The blanket-forming procedure described above utilizes a predetermined blanket size. Referring to FIG. 6, however, conductive blanket layer 12 may be formed in a roll so that a blanket may be later cut to a desired length. In this embodiment, layer 12 again contains warp fibers divided into conductive center section 24 and two non-conductive side sections 22 and 26. All weft fibers, however, are conductive fibers 34. Wire bundles 28 are disposed at a predetermined interval, for example every six inches, transversely across the layer. As should be understood in this art, looms are capable of inserting wires 28, and the particular weaving procedure is therefore not discussed in detail herein. Blankets of a desired length may be formed by making suitably spaced apart cuts across layer 12. While this results in multiple wires 28 across the blanket, a power plug may be connected through its lead wires as described above to the outermost pair of wires to thereby heat the entire blanket.

To create a “zoned” blanket, in which different parts of the blanket may be independently controlled to desired heating levels, the blanket may include two sets of power plug/lead wires. For example, where a blanket is cut from conductive blanket layer 12 across the layer outward of wires 28a and 28b, a first power plug applied across wires 28a and 28c forms a first heating zone, and a second power plug applied across wires 28b and 28c defines a second heating zone. Thus, the left and right edges of the blanket sheet as shown in FIG. 6 define the blanket's top and bottom edges when it is used. Referring also to FIG. 7, a hemming area may be left on either side of the outermost wires 28 in which to dispose power plug 44 in a suitable manner. These selvage areas may also include additional wires 28 that are not used for power delivery. That is, wires 28a and 28b are the outermost conductor wires in the blanket, although they are not necessarily the outermost wires in the sheet used to make the blanket.

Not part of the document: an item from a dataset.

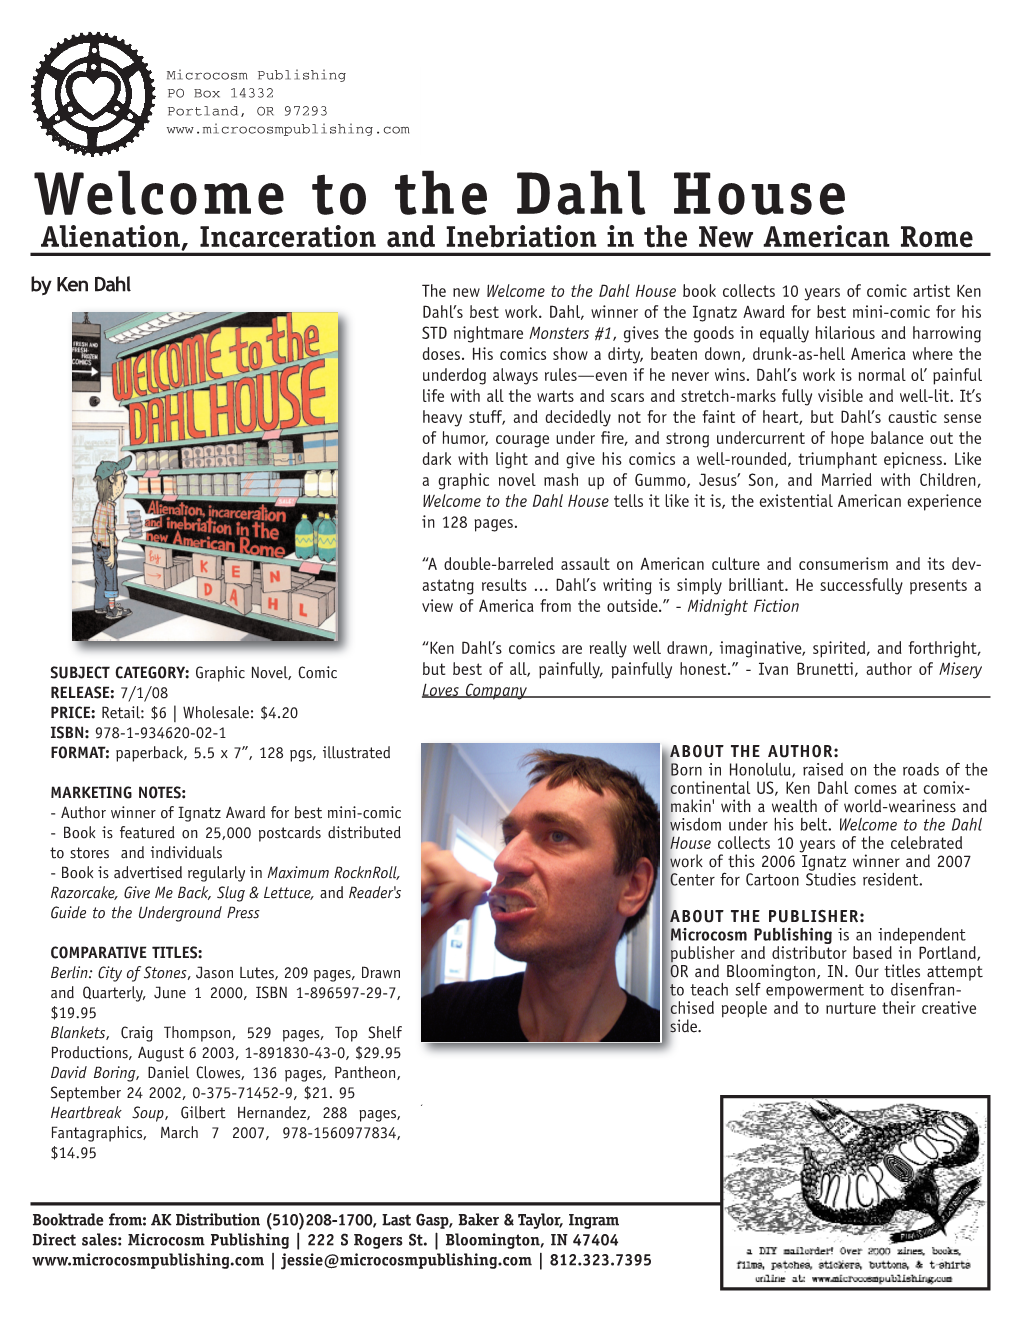 The Dahl House
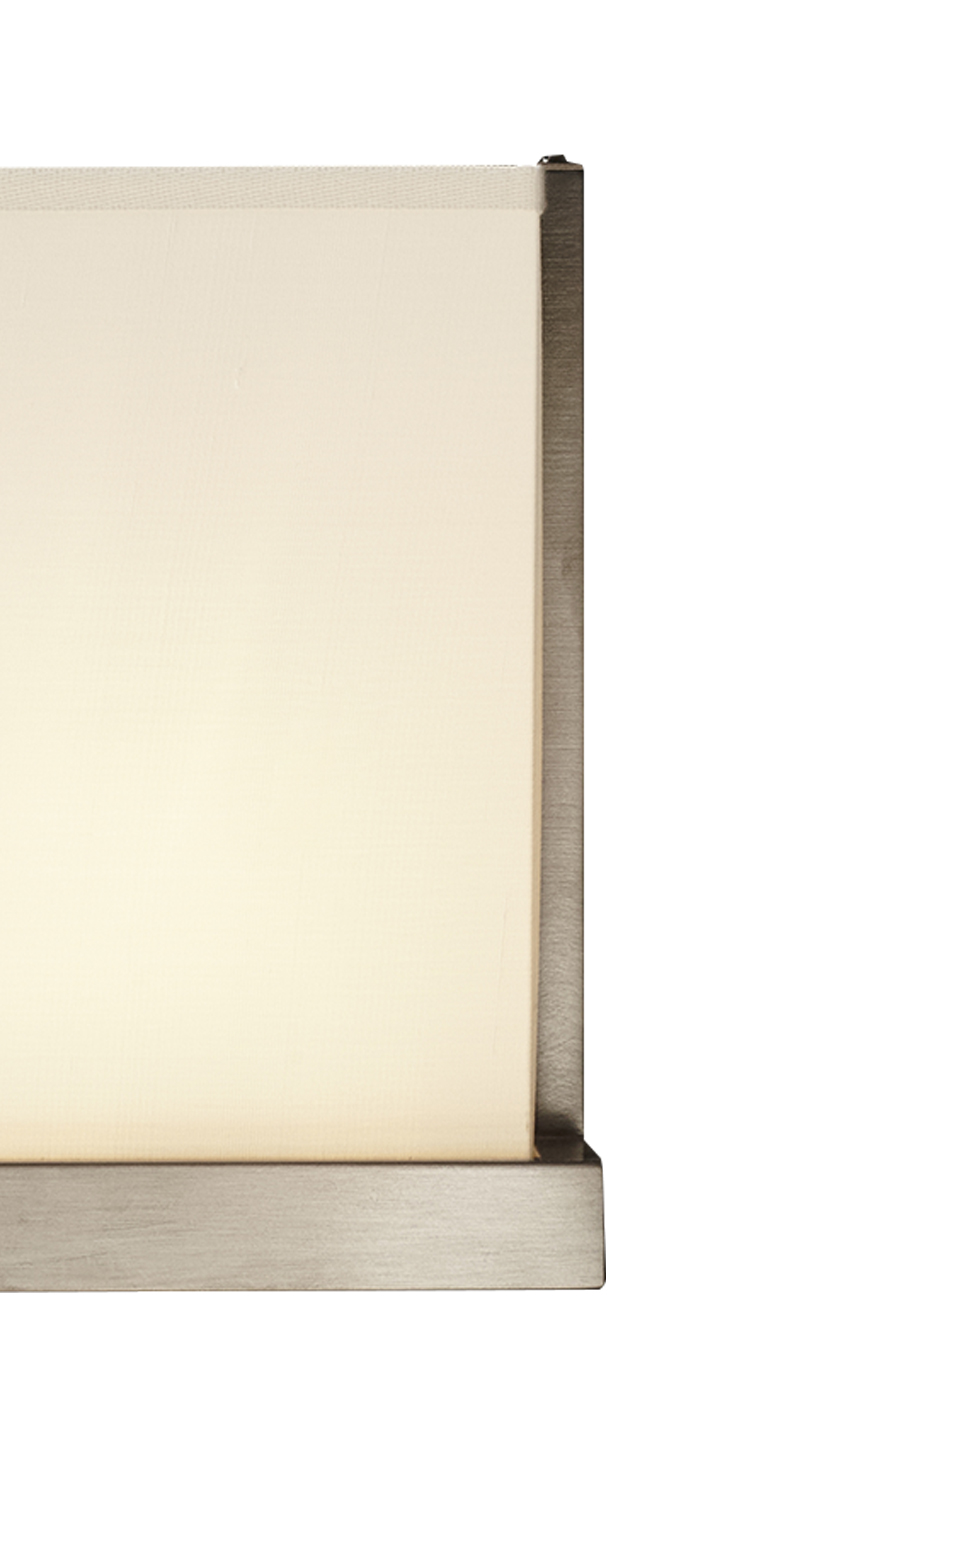 Détail de Colette, applique murale LED en bronze, nickel ou chrome, avec un abat-jour en lin, coton ou soie avec bordure cousue main. Ce luminaire figure dans le catalogue Promemoria | Promemoria

Referring now to FIG. 8, the weft and warp fiber construction of scrim layer 12 is the same as described above with respect to FIG. 6. This embodiment, however, only uses two wire bundles 28, each running longitudinally with the warp as in the embodiment discussed above with respect to FIG. 4. As in the previous embodiment, a blanket may be formed by cutting blanket layer 12 to any desired length. After cutting the layer and forming the blanket, the power plug and lead wires are disposed as shown in FIG. 11, and the power plug is folded or sewn into the hem. Accordingly, the left and right edges of the blanket sheet as shown in FIG. 8 define the blanket's top and bottom edges when it is used. Control circuitry (discussed below) for controlling application of power to the heating element is external of the power plug and is disposed in-line with a power cord extending between a power source, for example batteries or an AC wall power source, and the power plug.

Such power plug/control circuit/lead wire arrangements may also be used with the earlier-described blankets in which a wire heating element is disposed on or in an otherwise non-conductive scrim layer. Referring to FIG. 9, for example, an oscillating dispenser (not shown) deposits a heating element 50 in a serpentine path on scrim layer 12. Periodically, the dispenser loops the wire into and beyond the selvage area to enable the wire's connection to the lead wires of a power plug. If a blanket includes only one heating zone, the dispenser loops the heating element into the selvage area only at the blanket segment edges. For a dual-zone blanket, the dispenser also loops the wire the middle of the blanket segment.

As described above, the feeder may deposit wire 50 onto the scrim layer before or after lamination of the foam layers onto the scrim. The scrim and foam layers are then laminated together, securing the wire in place between the two layers. In another embodiment, however, foam layers are laminated to respective scrim layers before application of the heating element. A wire feeder disposed at the output of the lamination machine deposits the element on one of the two scrim layers, which is then adhered to the other scrim/foam pair so that the heating element is sandwiched between the two scrim layers. In either embodiment, the blanket, which may also include flocked layers of oriented fibers as discussed above, may be formed in a continuous roll and cut into individual sections. In each section, a hem receives the power plug and lead lines. More specifically, the wire loops are cut, power plugs are attached across the cut element ends by lead wires as discussed above, and the plug/lead wires are hemmed into the blanket edges. A hole is cut in the hem to provide access to the plug, and the hole edges are stitched to prevent fraying.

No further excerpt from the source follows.